The other fact is that there’s a law in Argentina that says a voice over professional must be certified to name the brands so not all the voices are allowed to work for this market. This reduces the local possibilities.
So the Argentinean market is very competitive and in addition the voices that work are – in general – the ones producers and marketing executives already know so this derives in fewer opportunities because only a small group is able to work. Typically you can hear a TV producer say “I needed a new voice for a TV show and I didn’t know where to find it so I hired the one I already knew!” while out there lots of talents are waiting for a chance.

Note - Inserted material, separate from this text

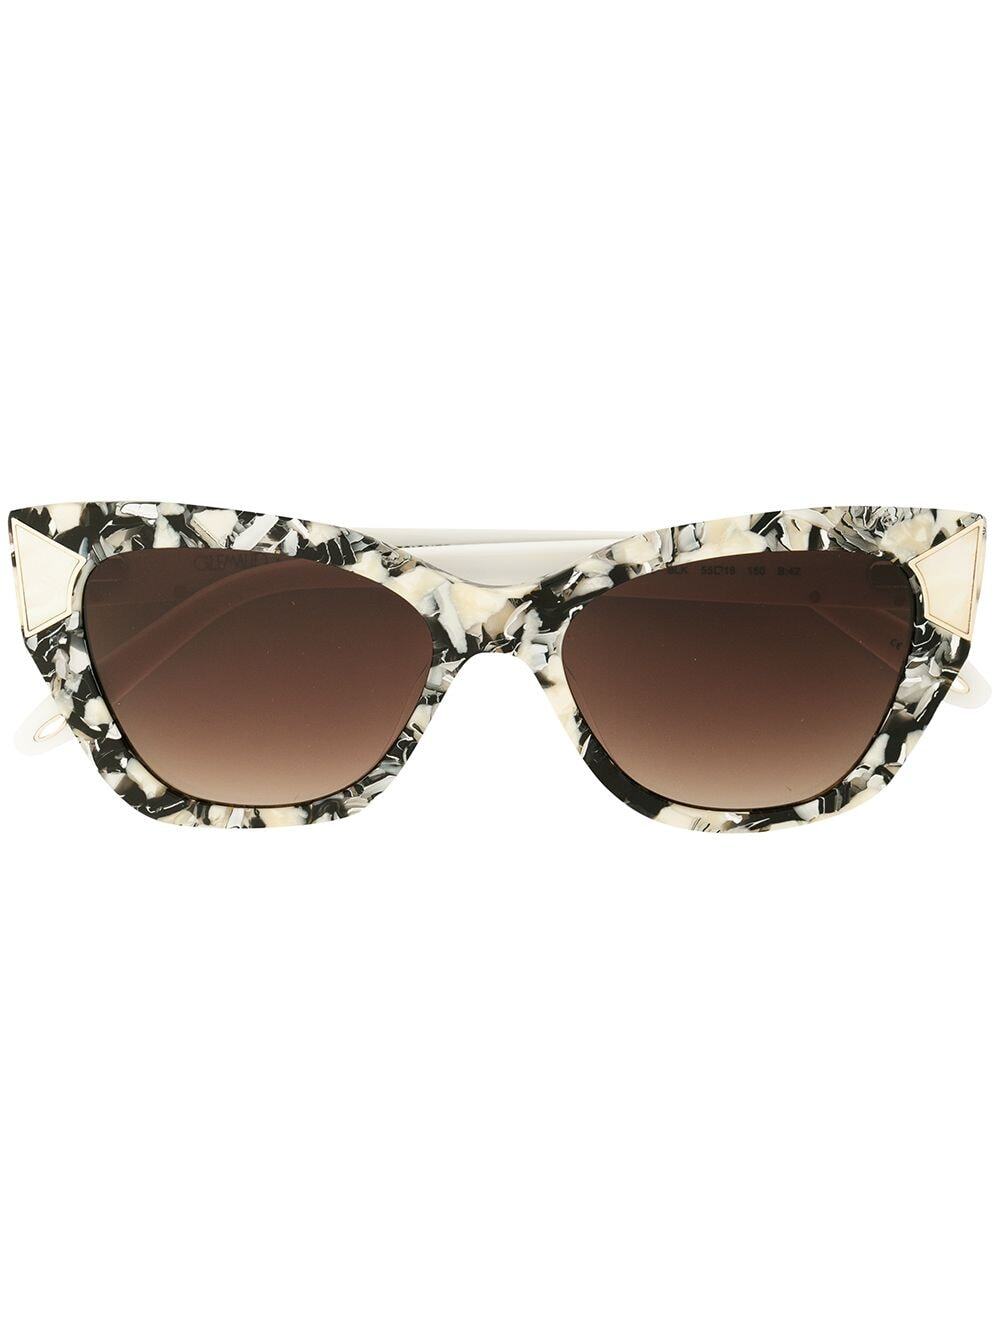 Victor Glemaud tortoiseshell-effect cat-eye sunglasses - Black
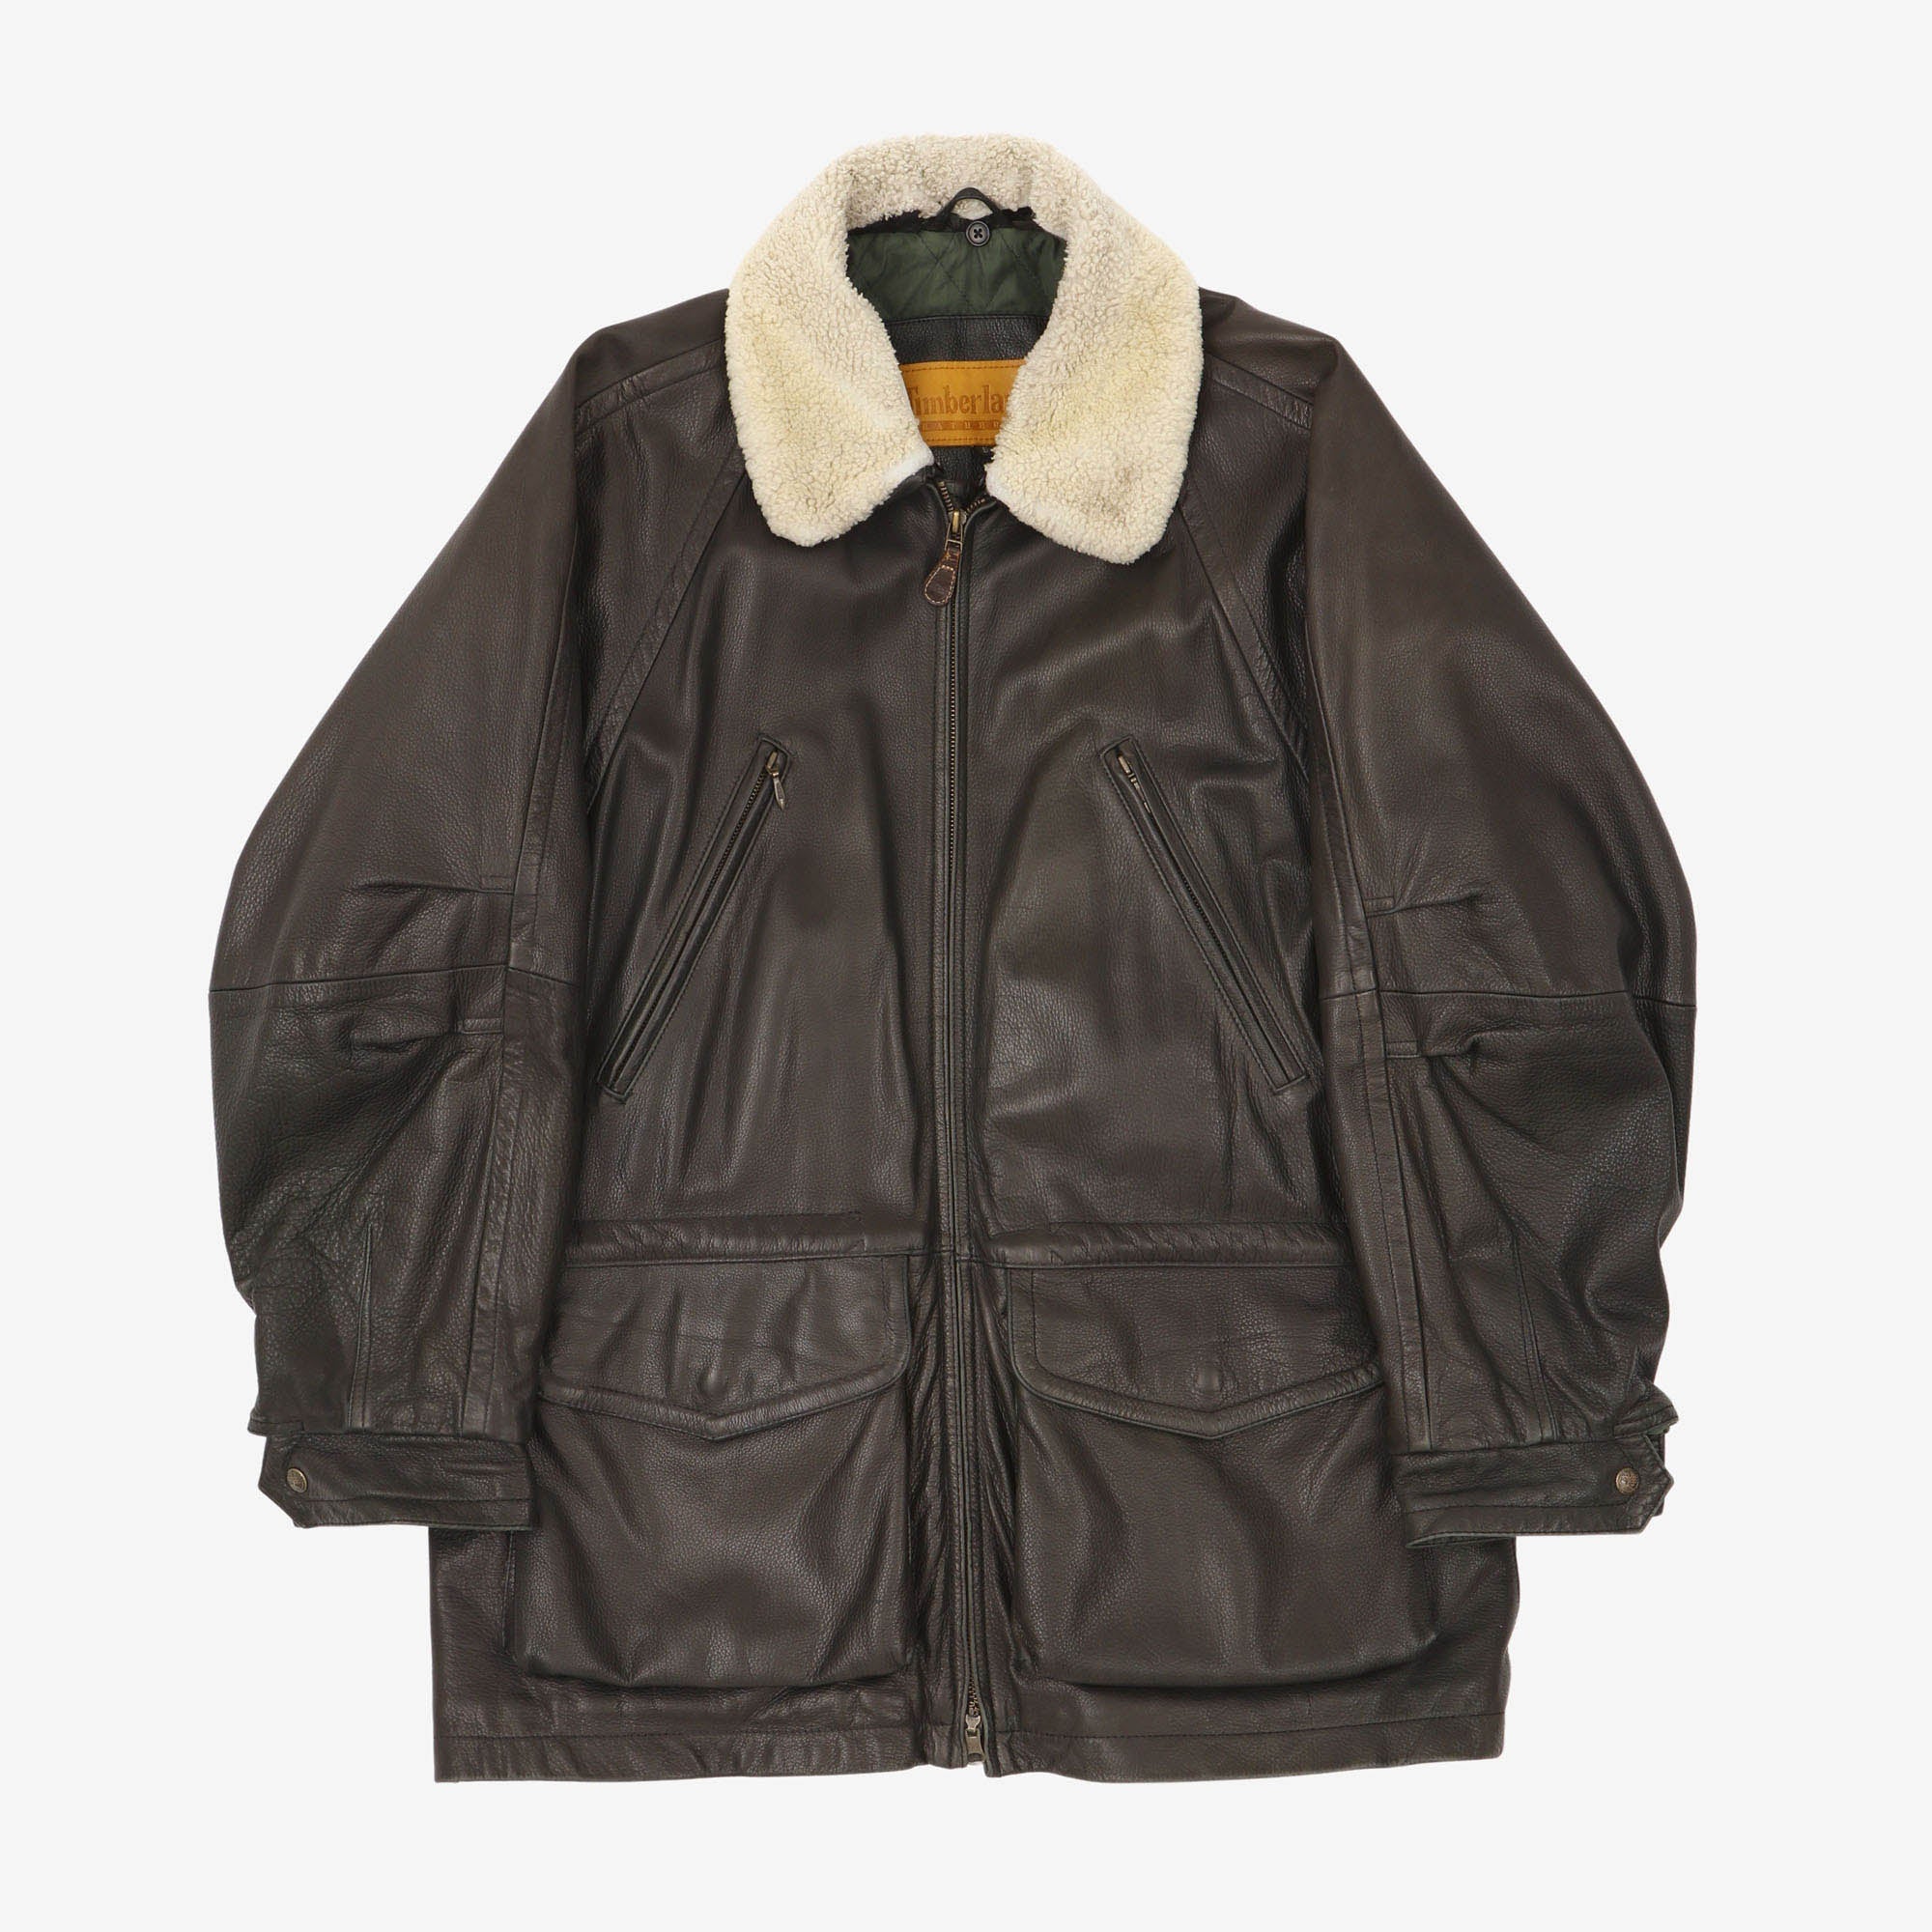 Vintage Leather Jacket –

It is also true that not every voice is talented but there are many voices with expertise. This is the biggest challenge for Spanish voices in their own market. Only a few voices do most of the work, and the media ends up with a narrow range of talents.
This is one of the strongest reasons why I think it is necessary to create a Spanish site to allow voices to audition for different countries.
VOX: Is there anything I left out that you’d like to share with our audience?
SILVANA: Your questions inspired me to think about the Spanish talents’ real
challenges more in depth. I think our community is in need of a Spanish Voice Over site, in our own language, and in this way making it available for all the Spanish speaking actors in the whole market.
I would be thrilled to be part of a site like this, where Spanish talents from all over the world could be connected, sharing experiences and learning more in their own language for equal opportunities and much more voices for the producers to contact, hiring who best fits for each piece.
It will also be a great experience for the local voice over talents to get used to auditioning together with different voices.
The market is in constant expansion and the best we can do is to share the knowledge and help professionals to develop their careers not only in their local markets. I hope I can help with this mission because I really think in this way everybody wins.
Looking forward to hearing from you!